Tuttle sacudiu a cabeça. – É bem sólida agora – embora se apague e se acenda oitocentas mil vezes por segundo. Tirei a idéia da luz estroboscópica. Você conhece as lâmpadas – elas se acendem e se apagam com tanta rapidez que nos dão a impressão de iluminação ininterrupta.

E é assim que acontece com o casco da nave. O período em que está ligada não é suficiente para fazer o espaço entrar em colapso. Não fica desligada o bastante para permitir um vazamento apreciável da atmosfera. E o efeito total é uma força maior do que a do aço.

Fez uma pausa e lentamente acrescentou: – E não há meios de dizer até que ponto podemos chegar. Acelere-se o efeito intermitente. Faça-se o campo ligar e desligar milhões de vezes por segundo – bilhões de vezes. Conseguirá campos suficientemente fortes para conter uma explosão atômica. O trabalho de minha vida!
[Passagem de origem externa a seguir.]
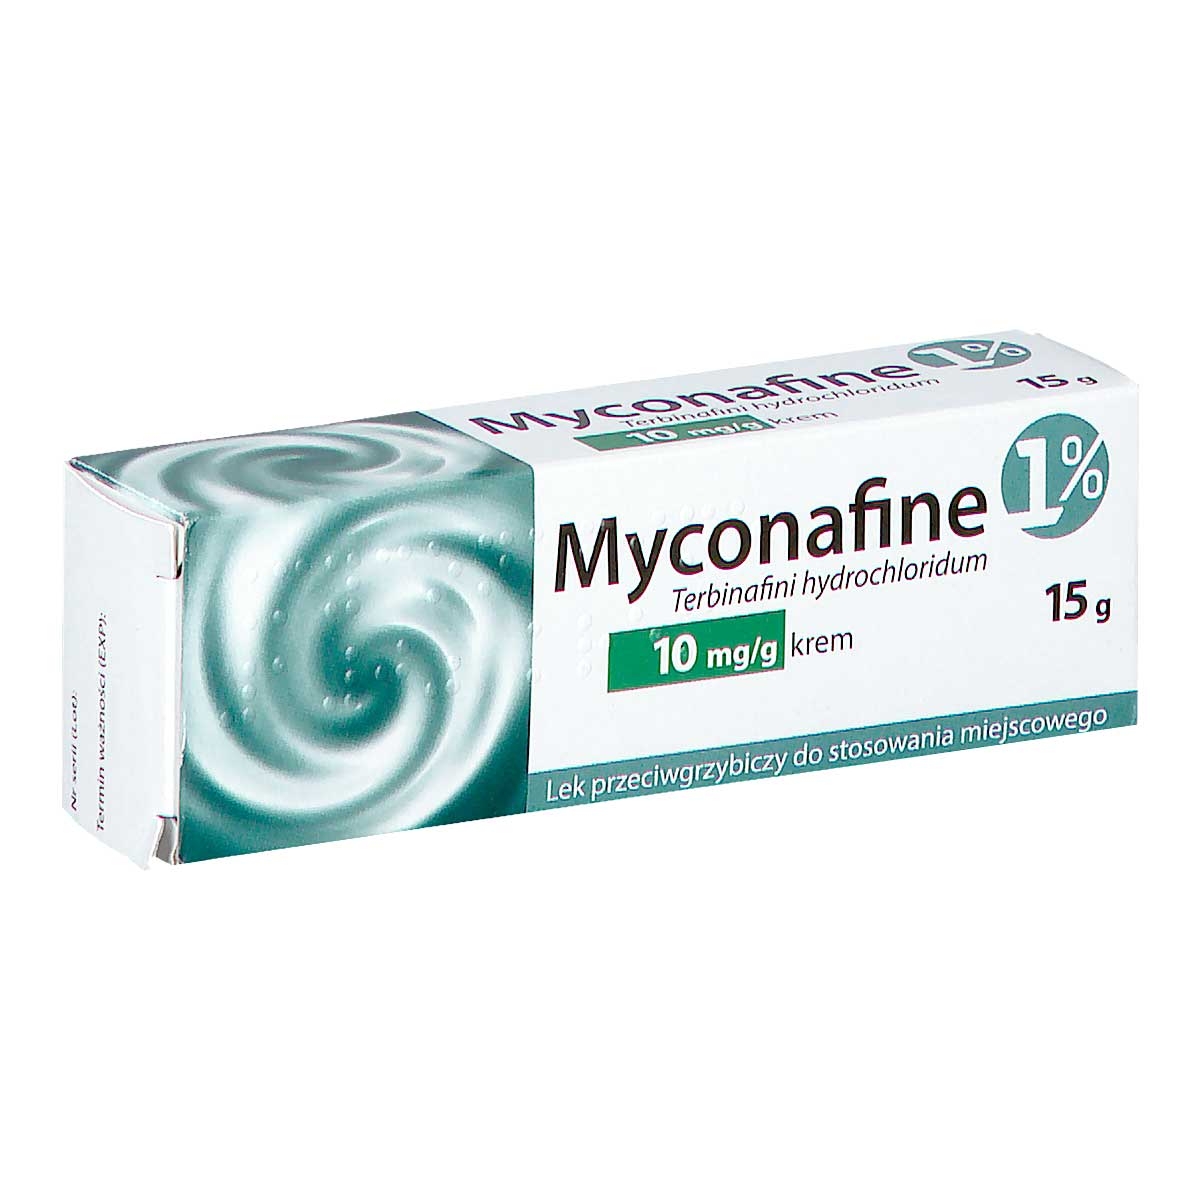 myconafine 1% 15 g

O Capitão Everett bateu no ombro do outro. – Saí dessa, homem. Pense na aterrissagem em Ganimedes. Que diabo! Será uma boa publicidade. Pense na cara de Orloff, por exemplo, quando ele souber que será o primeiro passageiro da história a viajar numa espaçonave com um casco de campo de força. Como pensa que ele vai se sentir?

Hal Tuttle deu de ombros e respondeu: – Imagino que ele vai ficar muito contente!